Zo, deze vreemde woorden horen dus bij een vreemde Heer. En gelukkig, gezegend is wie net zo vreemd wordt als Hij. Maar vreemd blijft het. En het went niet. Ja, de woorden staan open, nodigend, uitdagend: gelukkig ben je! Maar er achter ligt een smalle weg en op die weg een nauwe poort. De hele bende aan eigendunk, aan jezelf groothouden, aan jezelf laten gelden, aan meegesmokkeld onrecht, aan hardheid, aan onzuiverheid, aan ruzie en twist en aan jezelf in veiligheid brengen - het kan niet mee die nauwe poort door. Toch zijn dat allemaal dingen die we hier nodig hebben, in dit leven, tussen de mensen, ook tussen de kerkmensen. Die weg toch gaan, je toch bukken en die nauwe poort toch doorgaan, dat gaat vervelend pijn doen.

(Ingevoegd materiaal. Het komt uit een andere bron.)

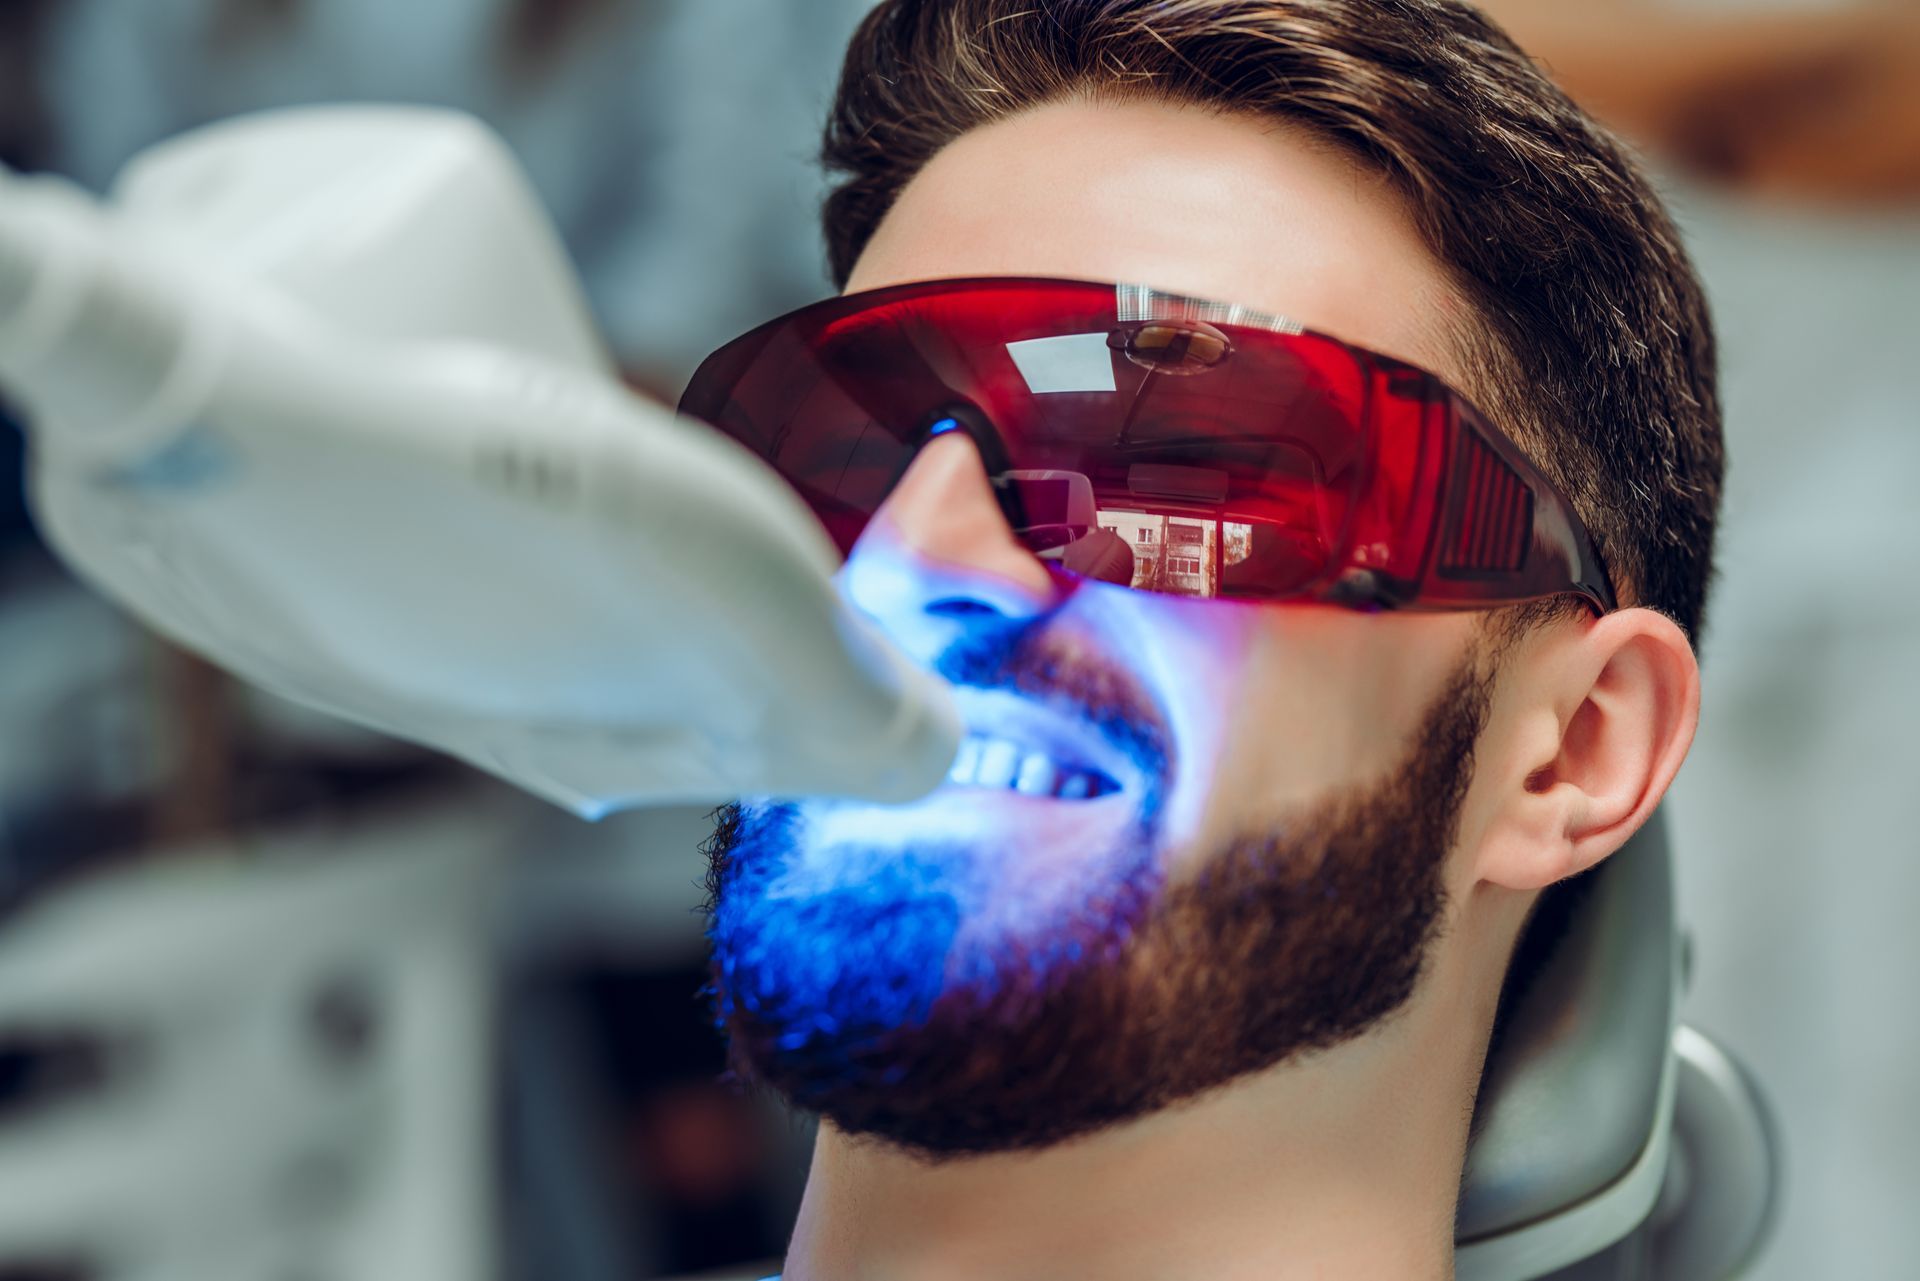 Blanchiment dentaire au laser sur un patient.
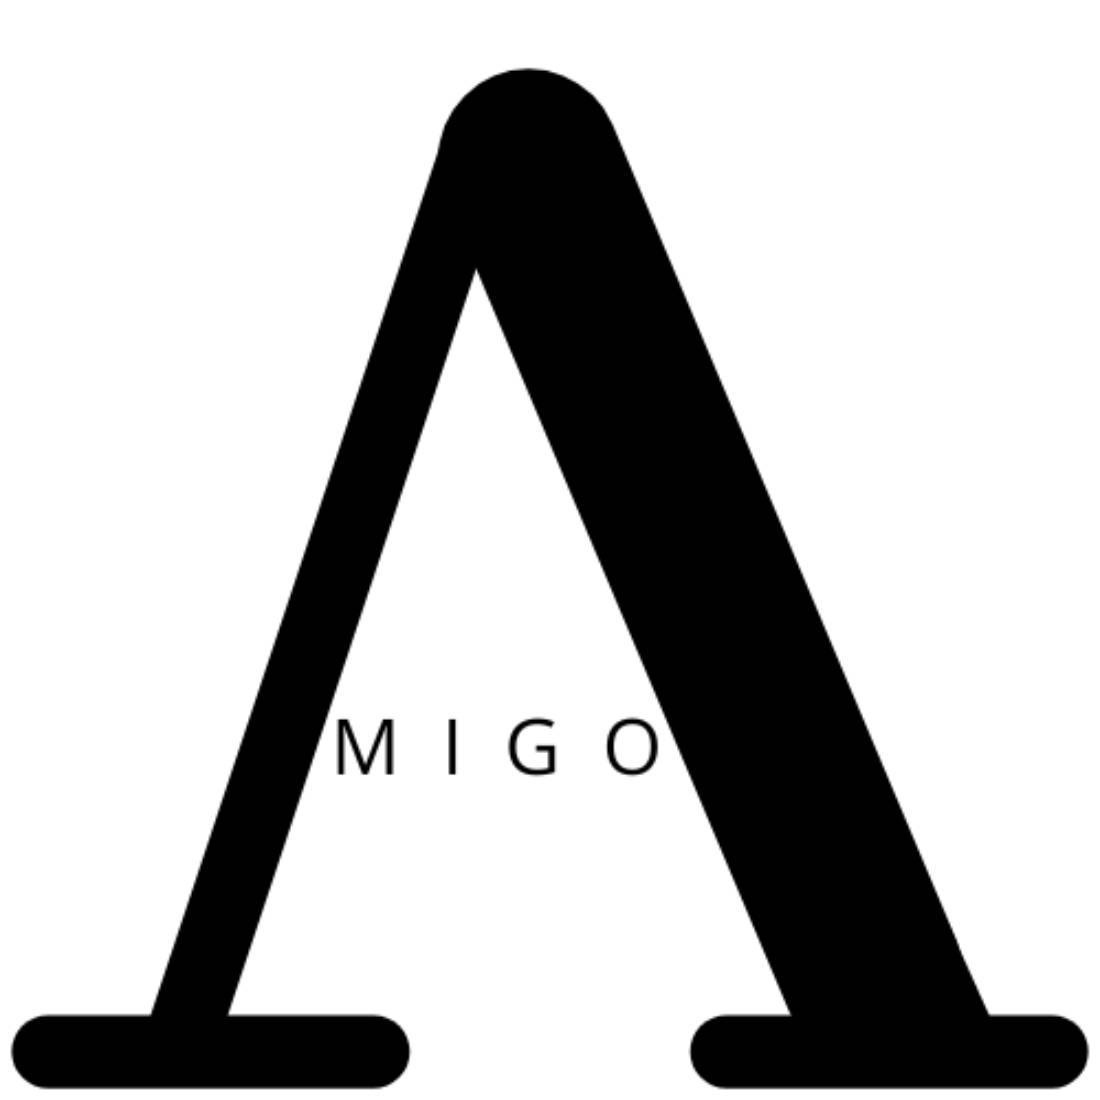 Amigo Letter A Logo Design cover image.

Ik weet niet hoe het u vergaat, maar ik voel me hier verdraaid dubbel bij. Ik wil niet en tegelijk wil ik wel, zie ik er de zin wel van in. Het zijn toch de echte regels van Gods wijsheid. En zalig, gelukkig, gezegend wie zijn getuigenis verstaan. Maar moet ik dan desnoods alleen bedelaar zijn bij God, kwetsbaar, pijn dragen, me niet laten gelden, en zo voort? Moet ik dan beginnen in mijn leven, beginnen in de kerk, beginnen thuis, op mijn werk, op mijn school? Maar wat roep ik dan over me af? Ik weet het niet.


Wat zei Hij ook al weer? Ik ben Jezus de Nazarener, de Zoon die bedelt om zijn leven, die treurt, die zich niet laat gelden en zo voort. En dat voor ons en in onze plaats, om ons daar in te laten delen? Laten wij Hem dan bidden, echt en serieus: Verlaat mij niet, Heer, ik ben U toegewijd, laat in uw gunst mij delen. Ik zoek U met mijn ganse hart, Heer, leid mij niet af ter zijde en ten kwade. U had het toch over gelukkig, over gezegend? Laat dát dan waar worden in ons leven. Amen.